### Exercise brief
Your job is to retype the records exactly while dropping every picture.
——
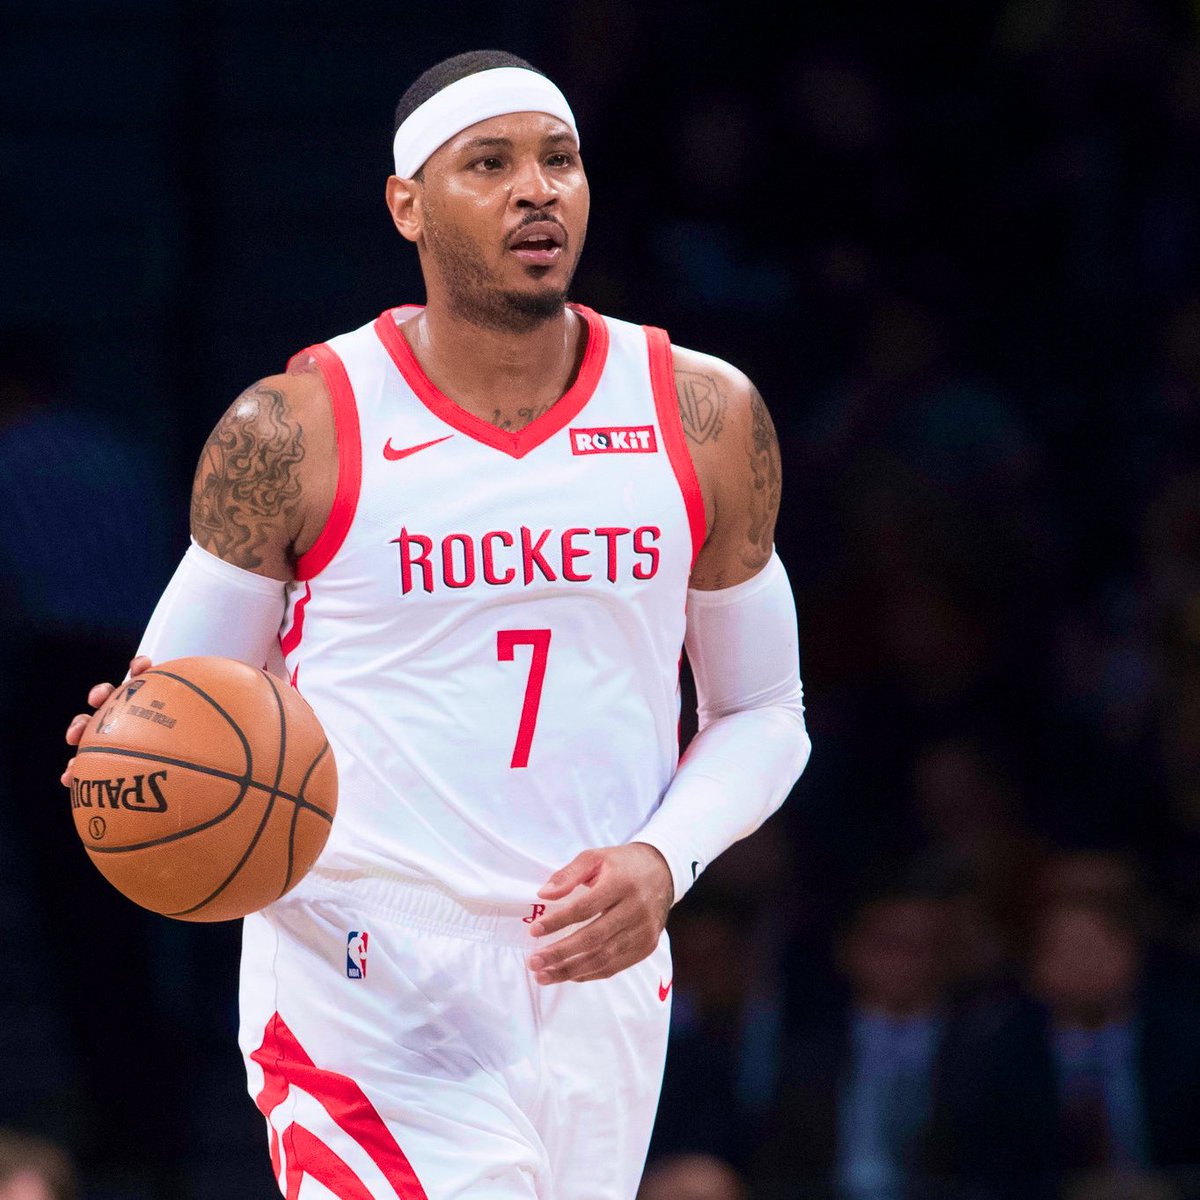 Carmelo Anthony played the only 10 games of his Houston Rockets career in 2018.
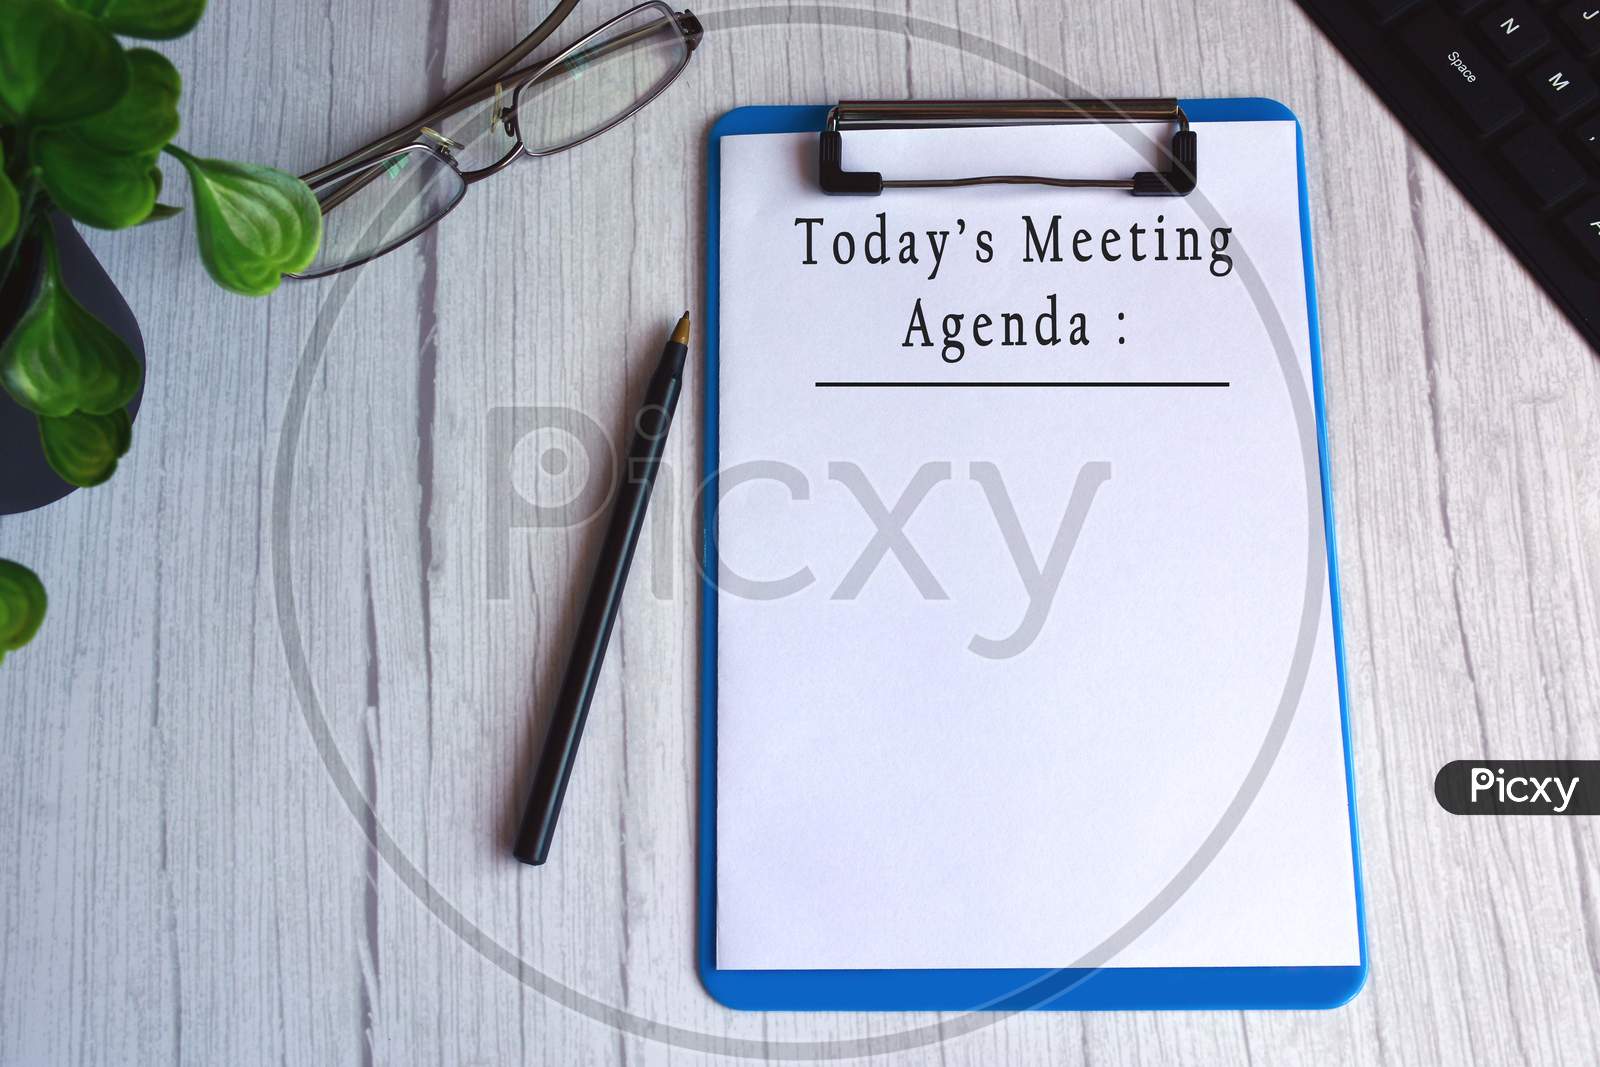 Today's meeting agenda text on blue clip board. Meeting goals concept
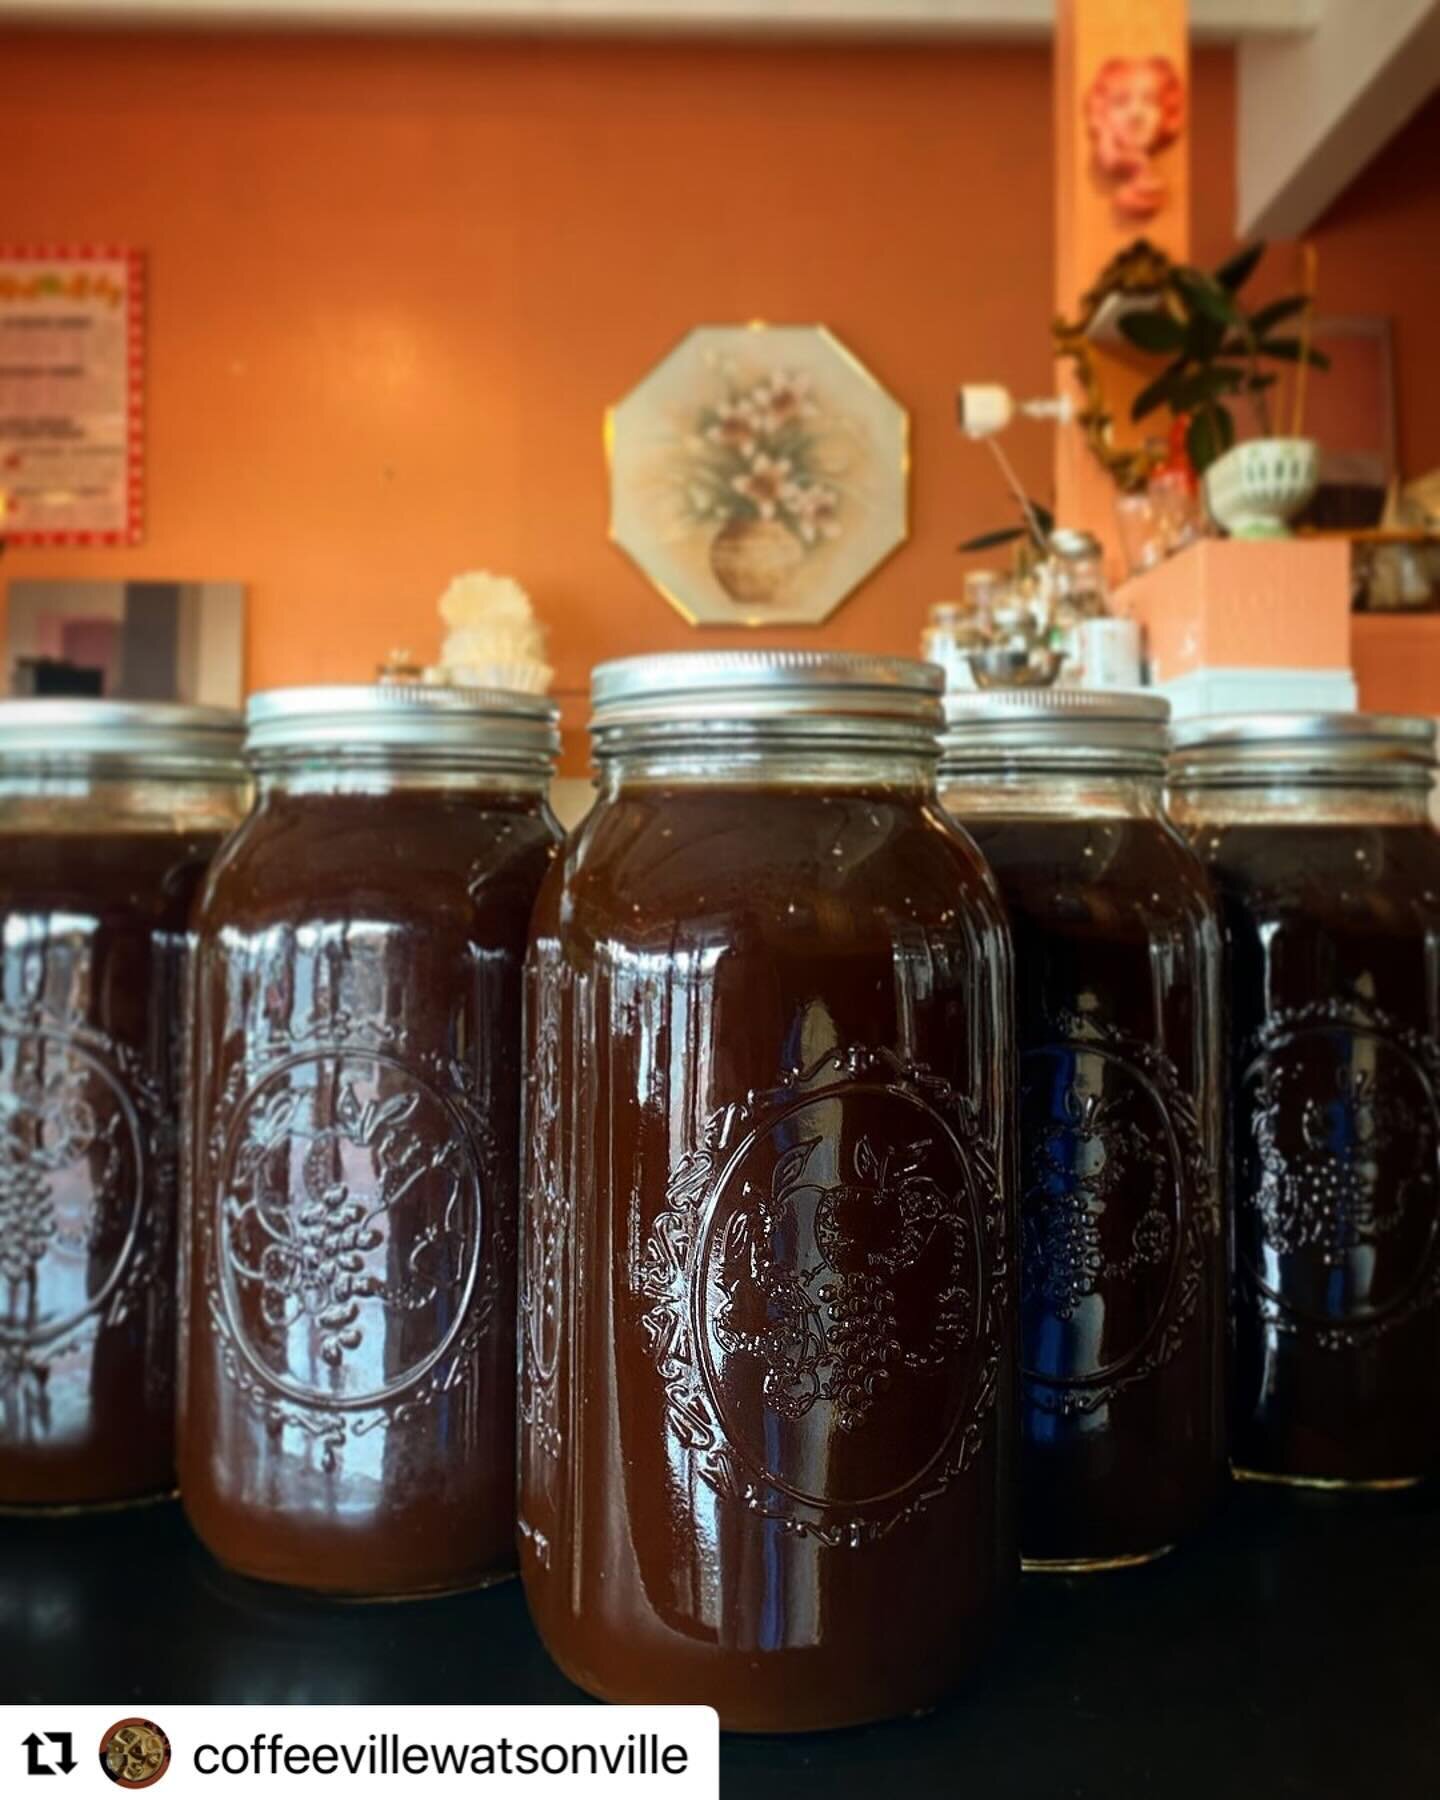 #Repost @coffeevillewatsonville 
・・・
&hellip; enough cold brew for the week &hellip;😋 cold brew is a general term: there&rsquo;s a number of ways to prep it, resulting in anything from a light, tea-like iced coffee to a flavor packed latte using a c
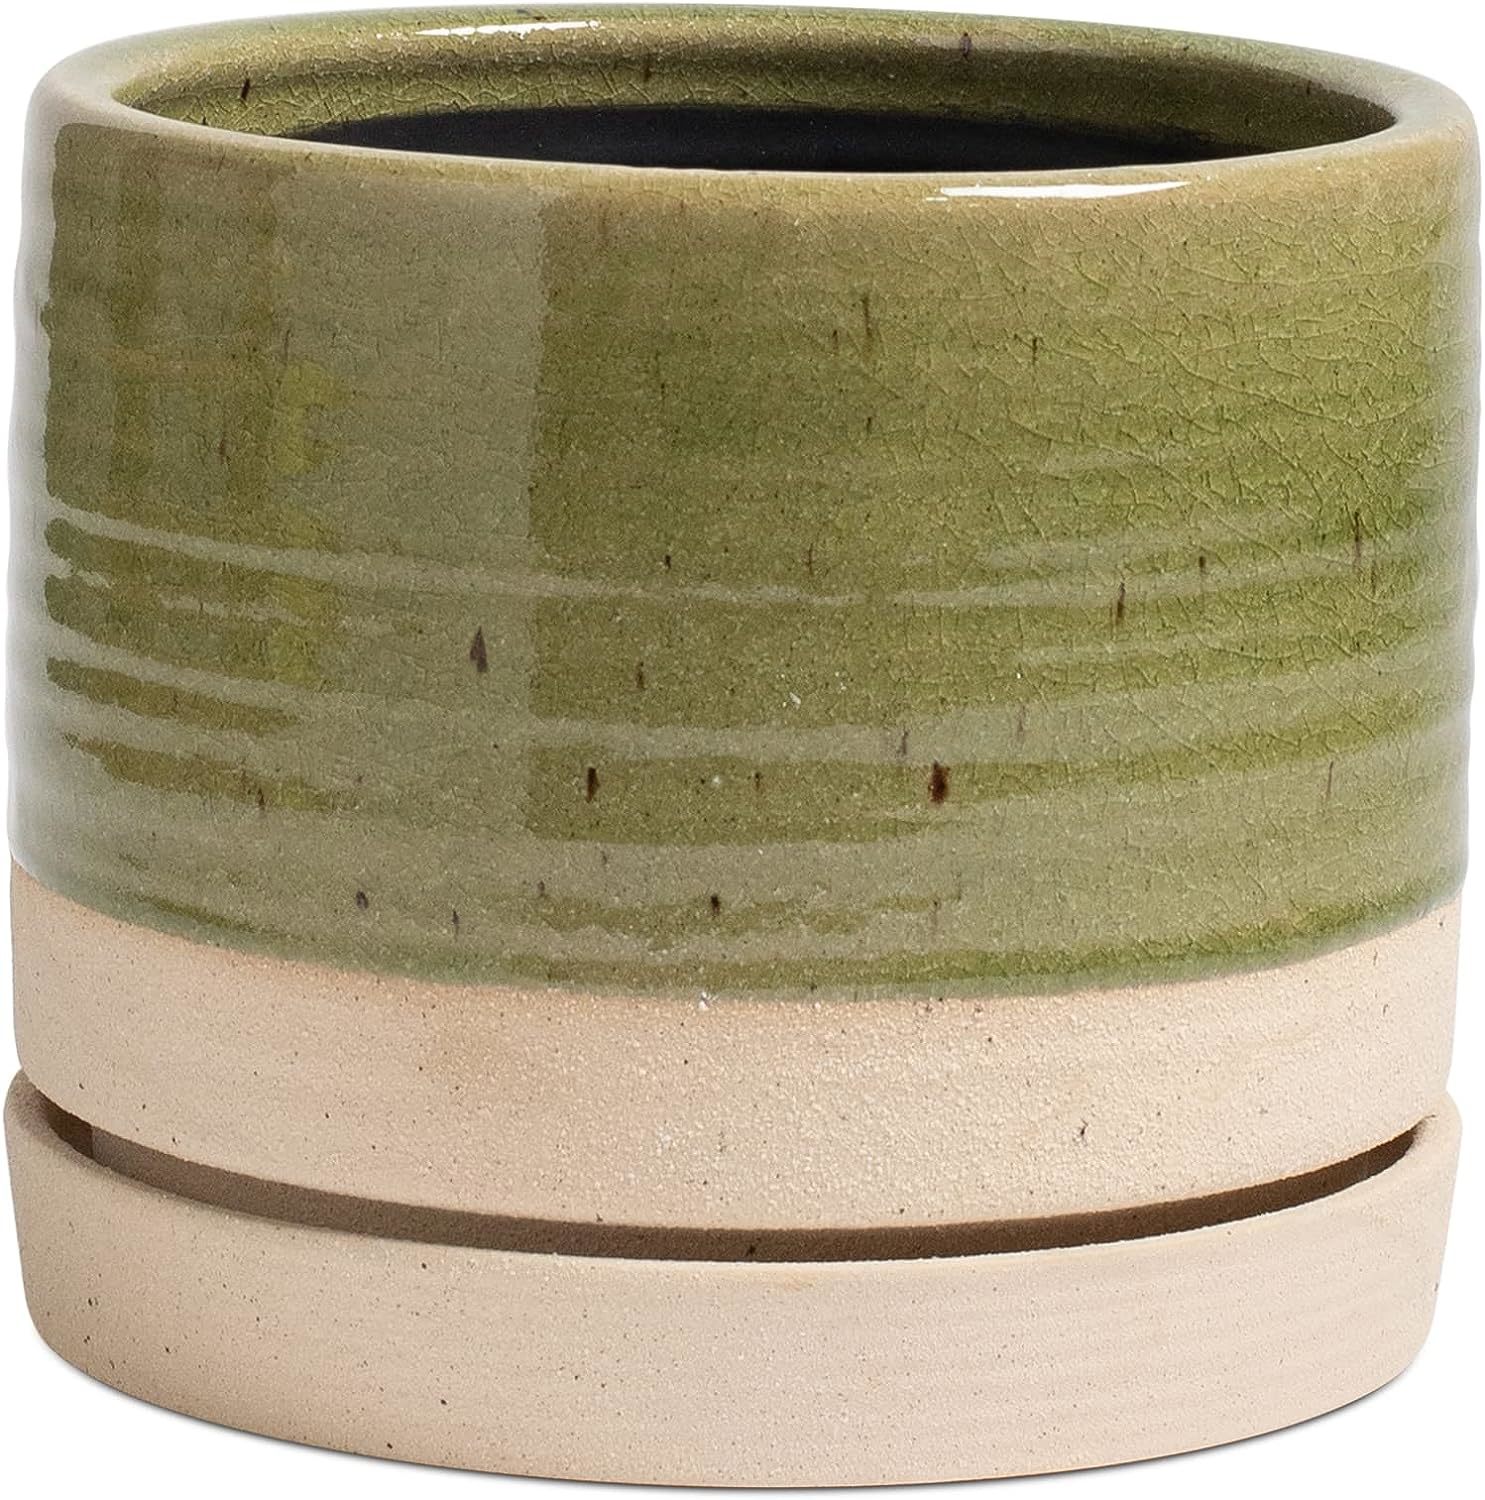 Herduk 8 Inch Plant Pots, Green Cylinder Round Planter Pot,, With Drainage Hole - $56.96
——
### Result below
 Carmelo Anthony played the only 10 games of his Houston Rockets career in 2018.
 Today's meeting agenda text on blue clip board. Meeting goals concept
 #Repost @coffeevillewatsonville 
・・・
&hellip; enough cold brew for the week &hellip;😋 cold brew is a general term: there&rsquo;s a number of ways to prep it, resulting in anything from a light, tea-like iced coffee to a flavor packed latte using a c
 Herduk 8 Inch Plant Pots, Green Cylinder Round Planter Pot,, With Drainage Hole - $56.96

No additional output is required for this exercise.